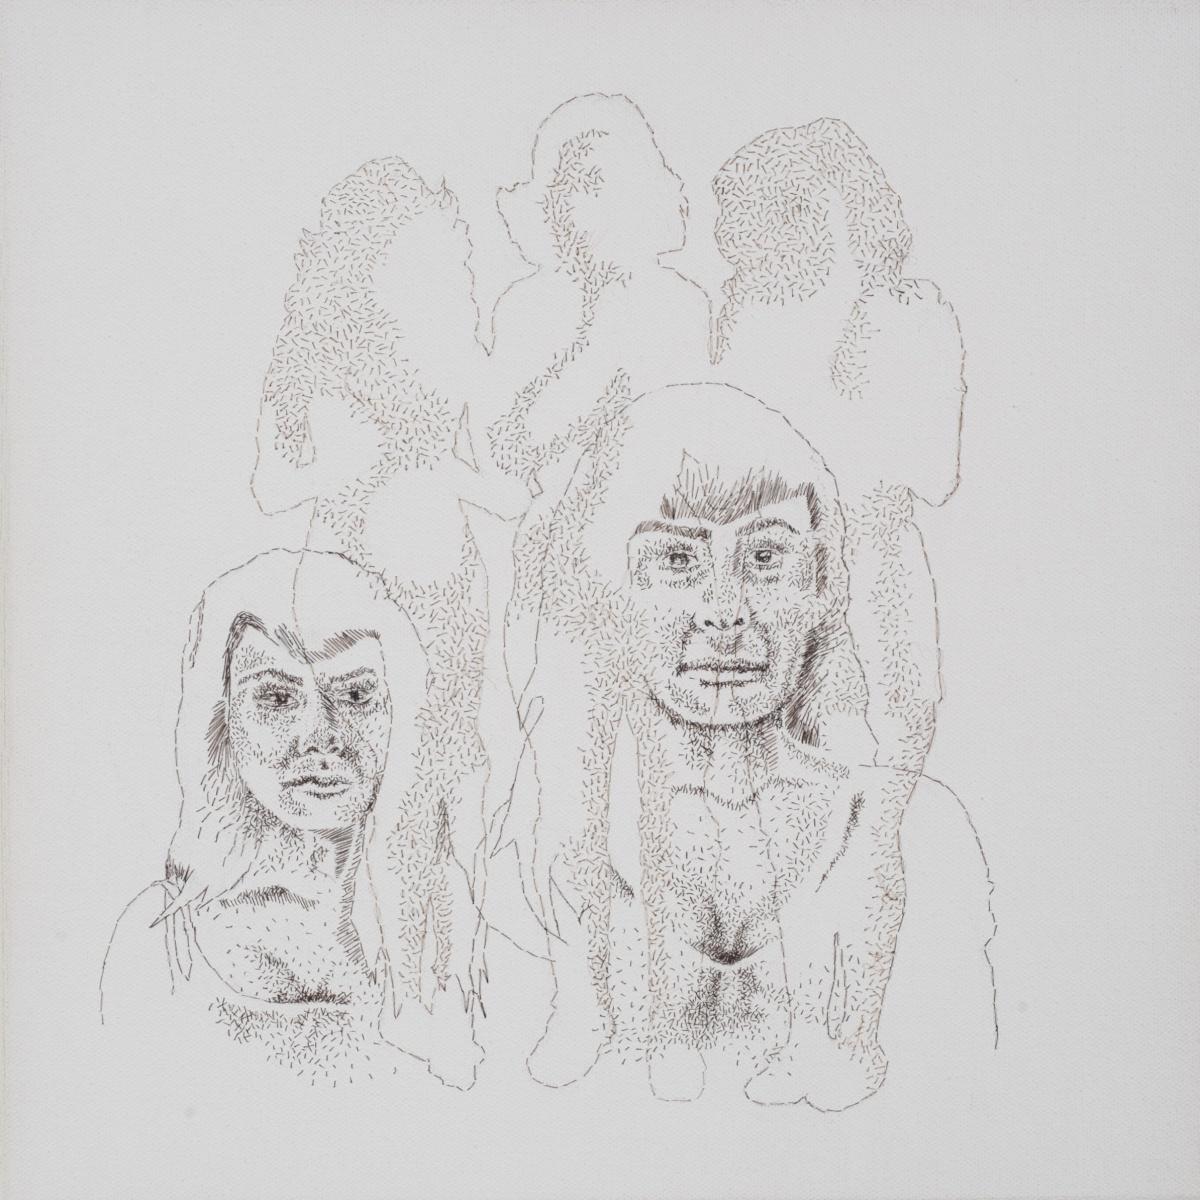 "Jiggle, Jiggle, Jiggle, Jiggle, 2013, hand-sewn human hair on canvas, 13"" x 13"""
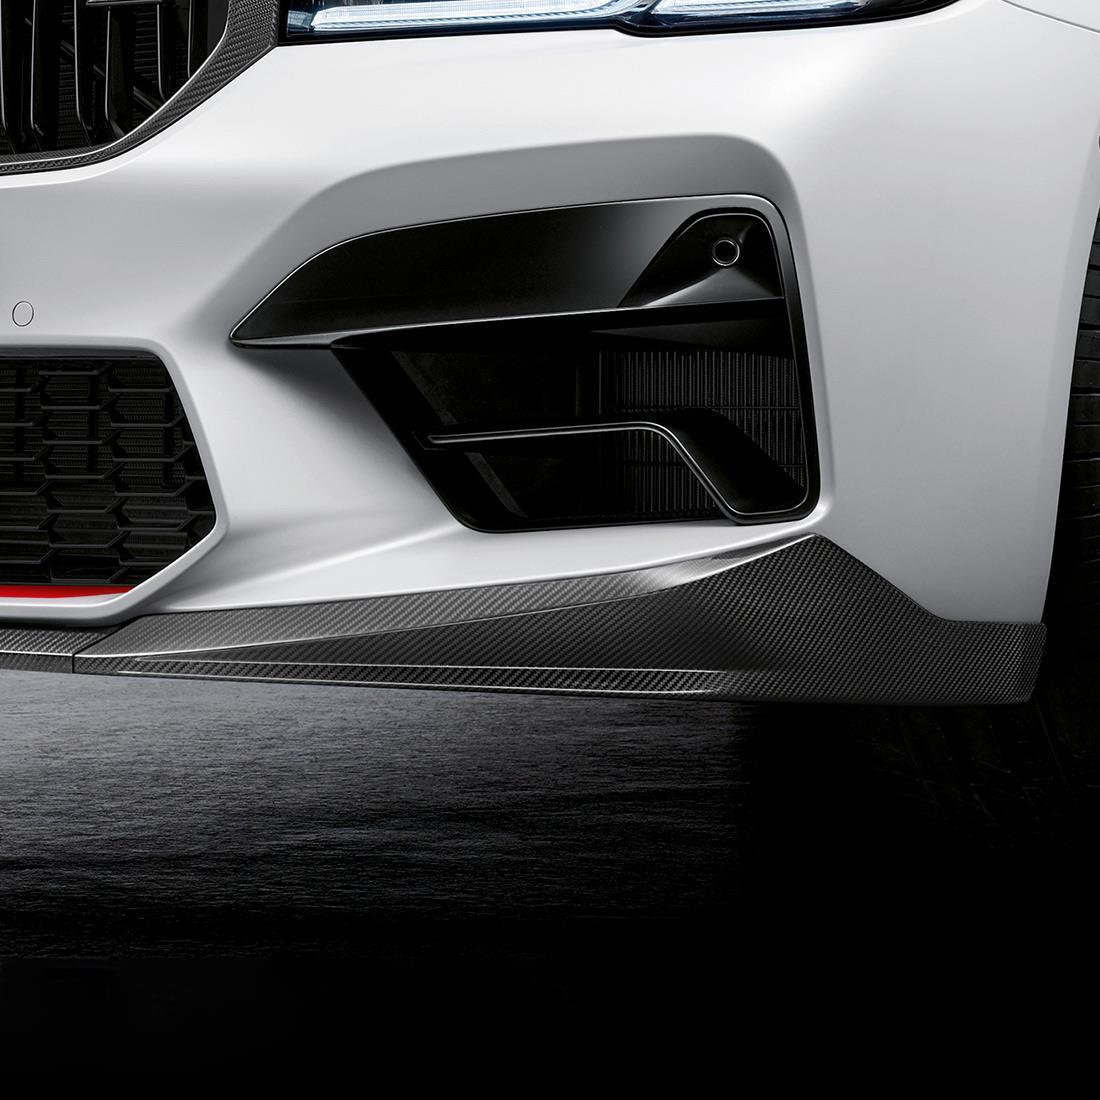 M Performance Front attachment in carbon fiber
* * *
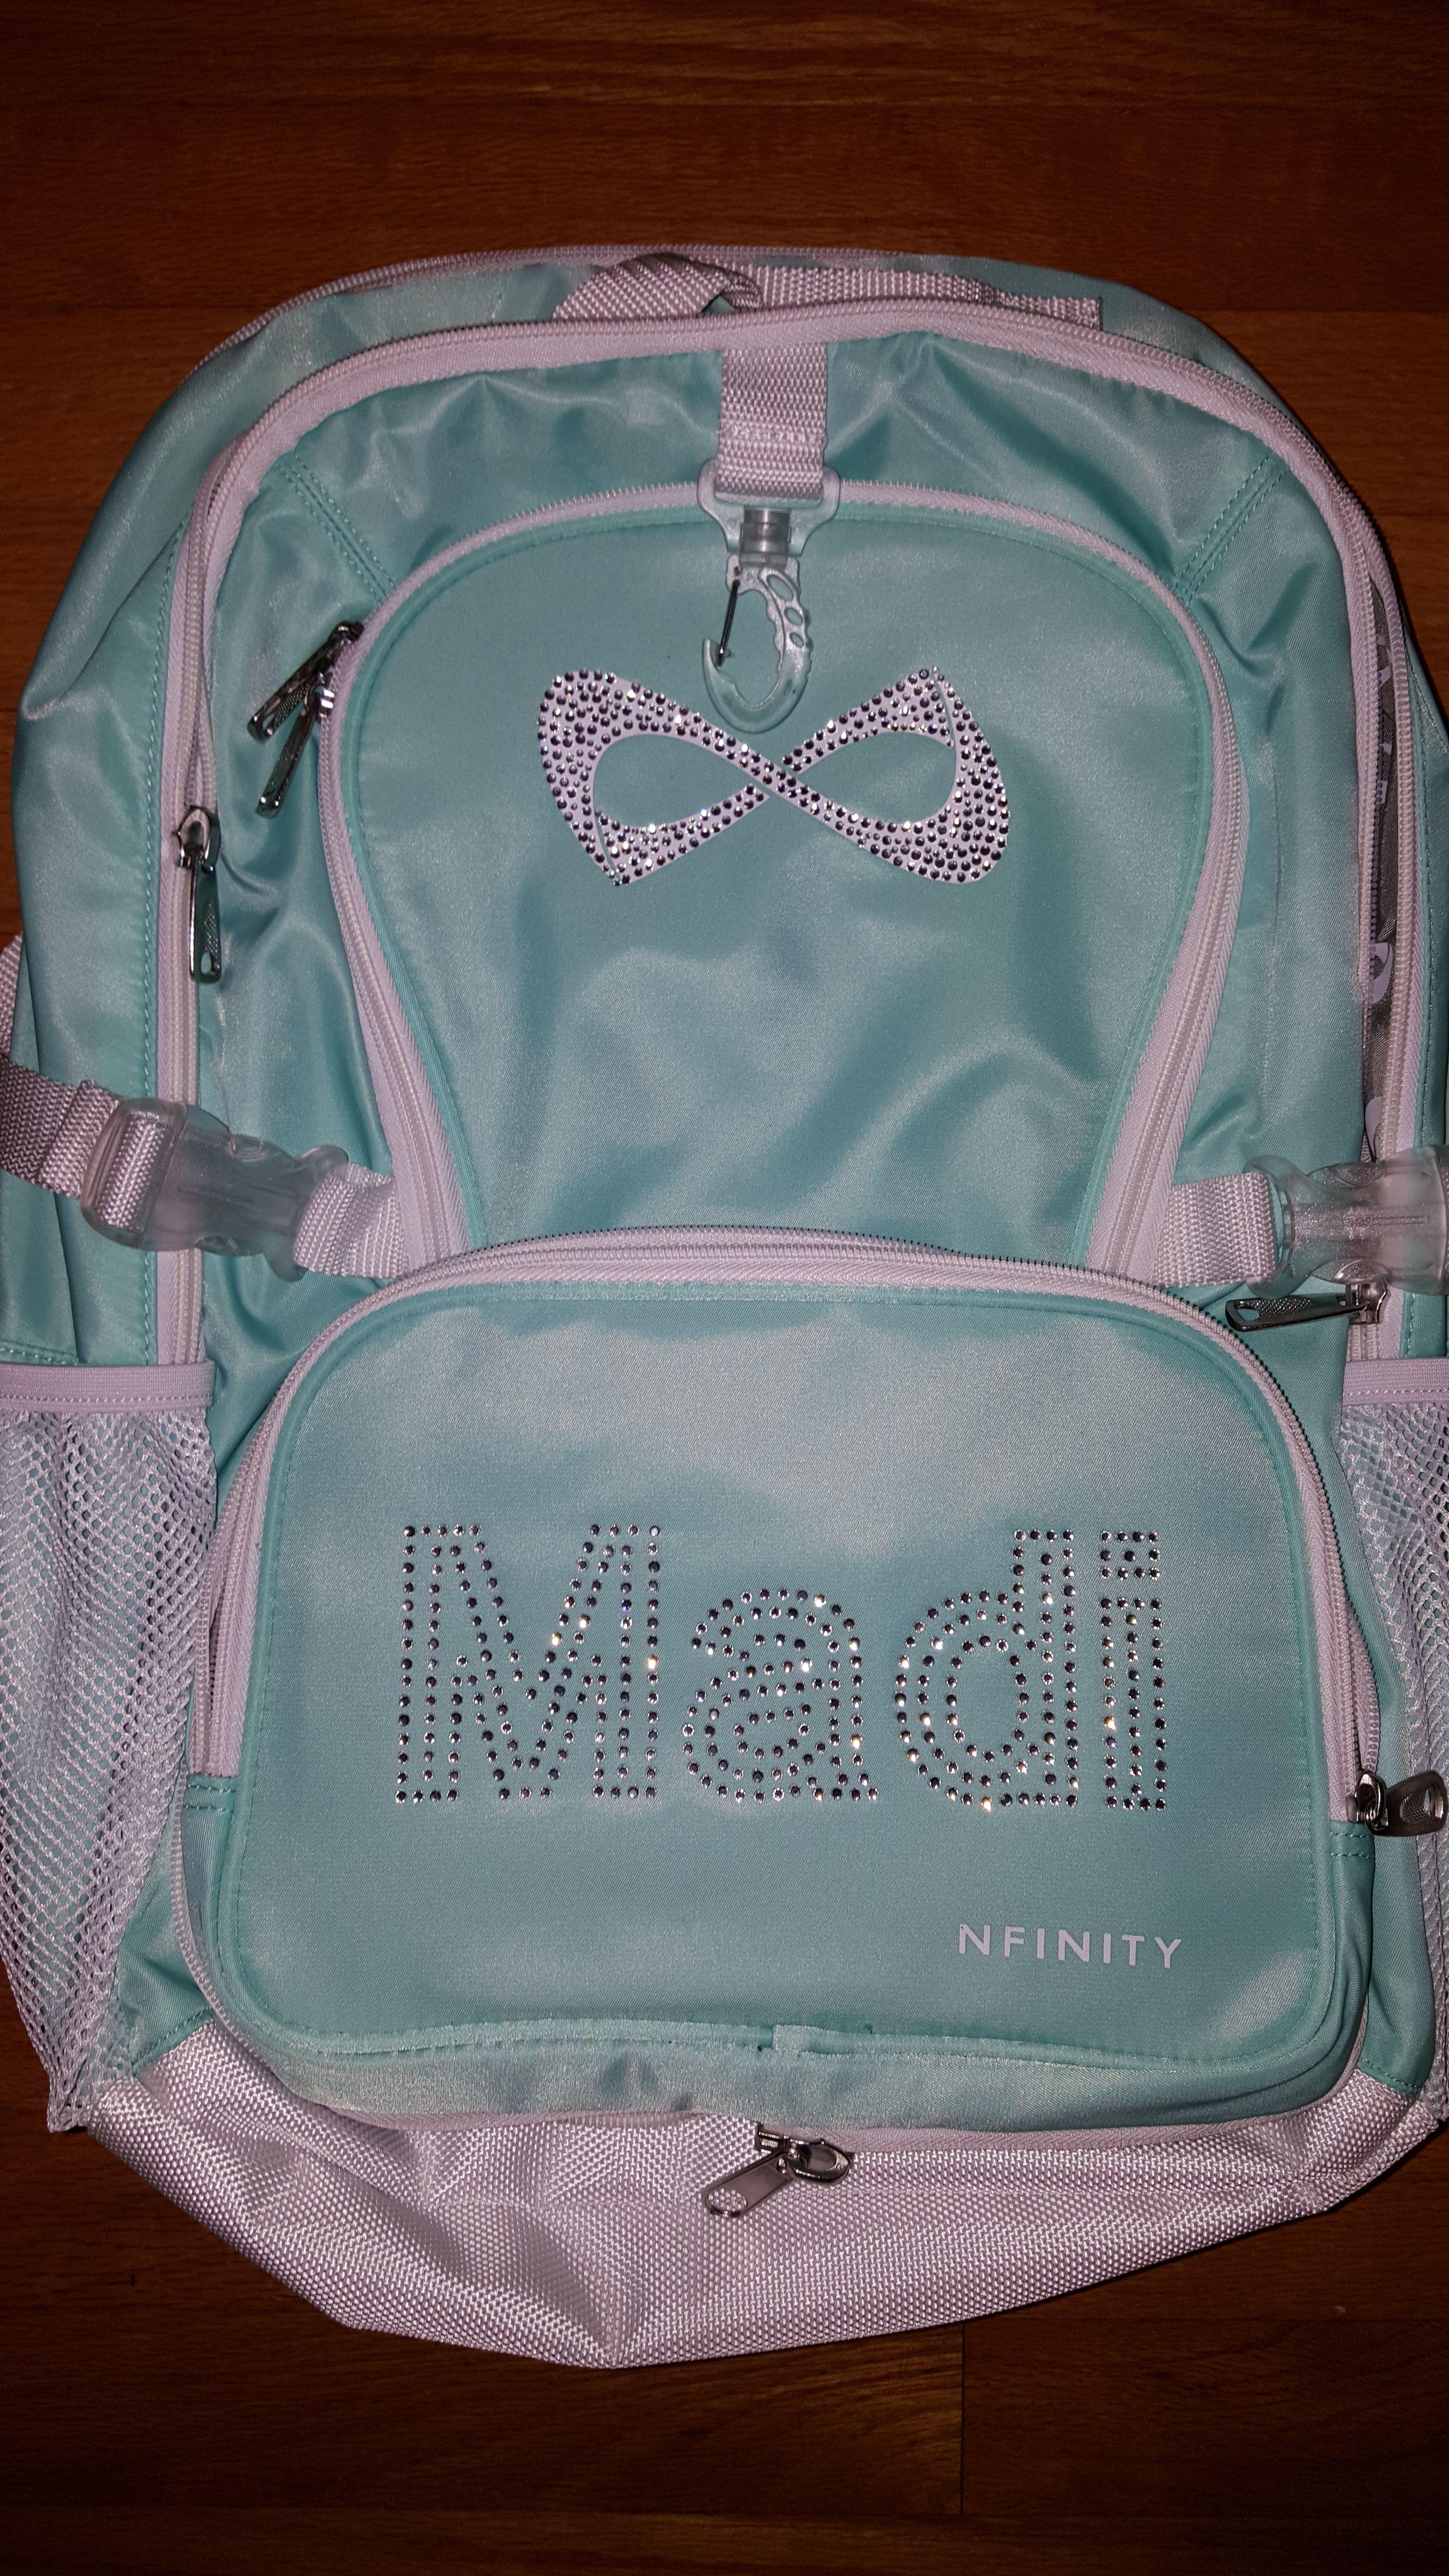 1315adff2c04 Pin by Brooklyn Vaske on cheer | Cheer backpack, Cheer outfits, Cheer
...
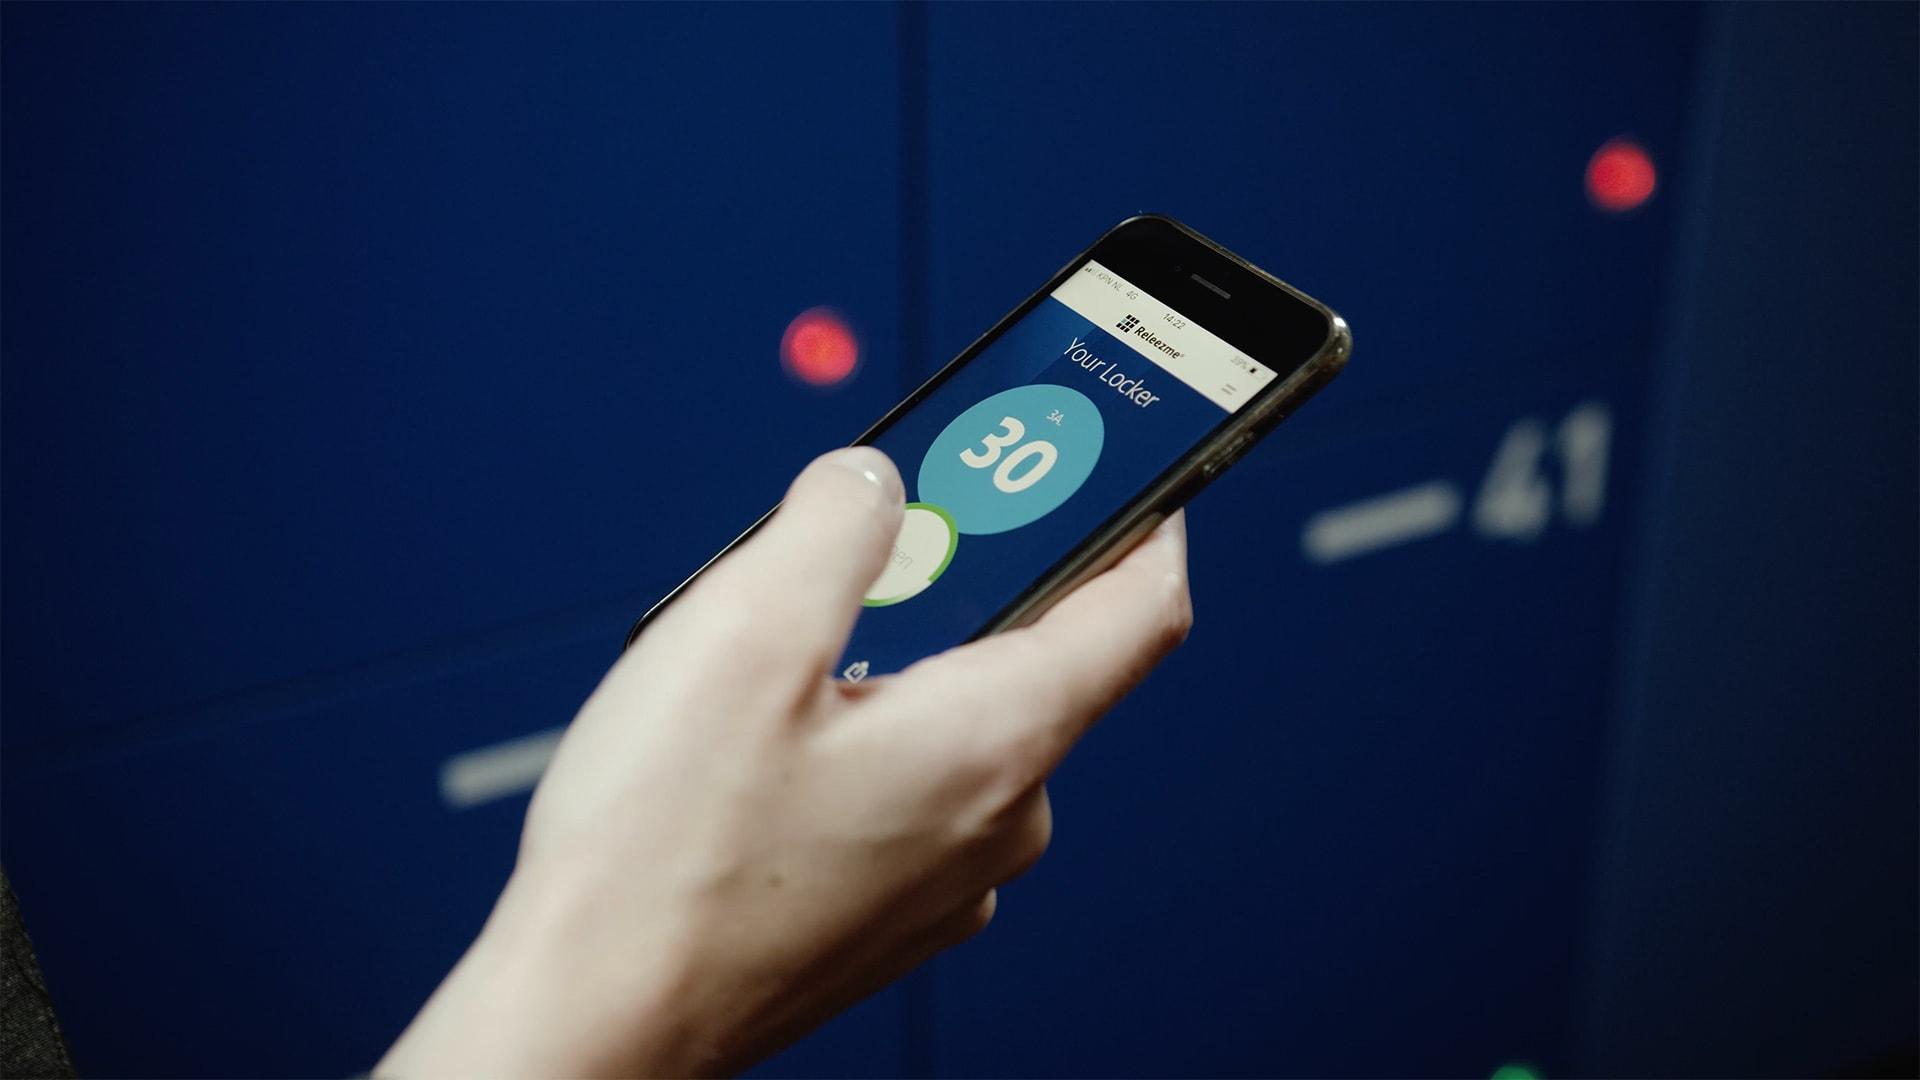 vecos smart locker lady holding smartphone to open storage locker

▶ **Task directions**: Give back exactly the lines above from the one with "Jiggle, 2013, hand-sewn" through the one with "M Performance Front", both included. Pictures don't belong in the copy.

▶ **Expected answer**:
 "Jiggle, Jiggle, Jiggle, Jiggle, 2013, hand-sewn human hair on canvas, 13"" x 13"""
 M Performance Front attachment in carbon fiber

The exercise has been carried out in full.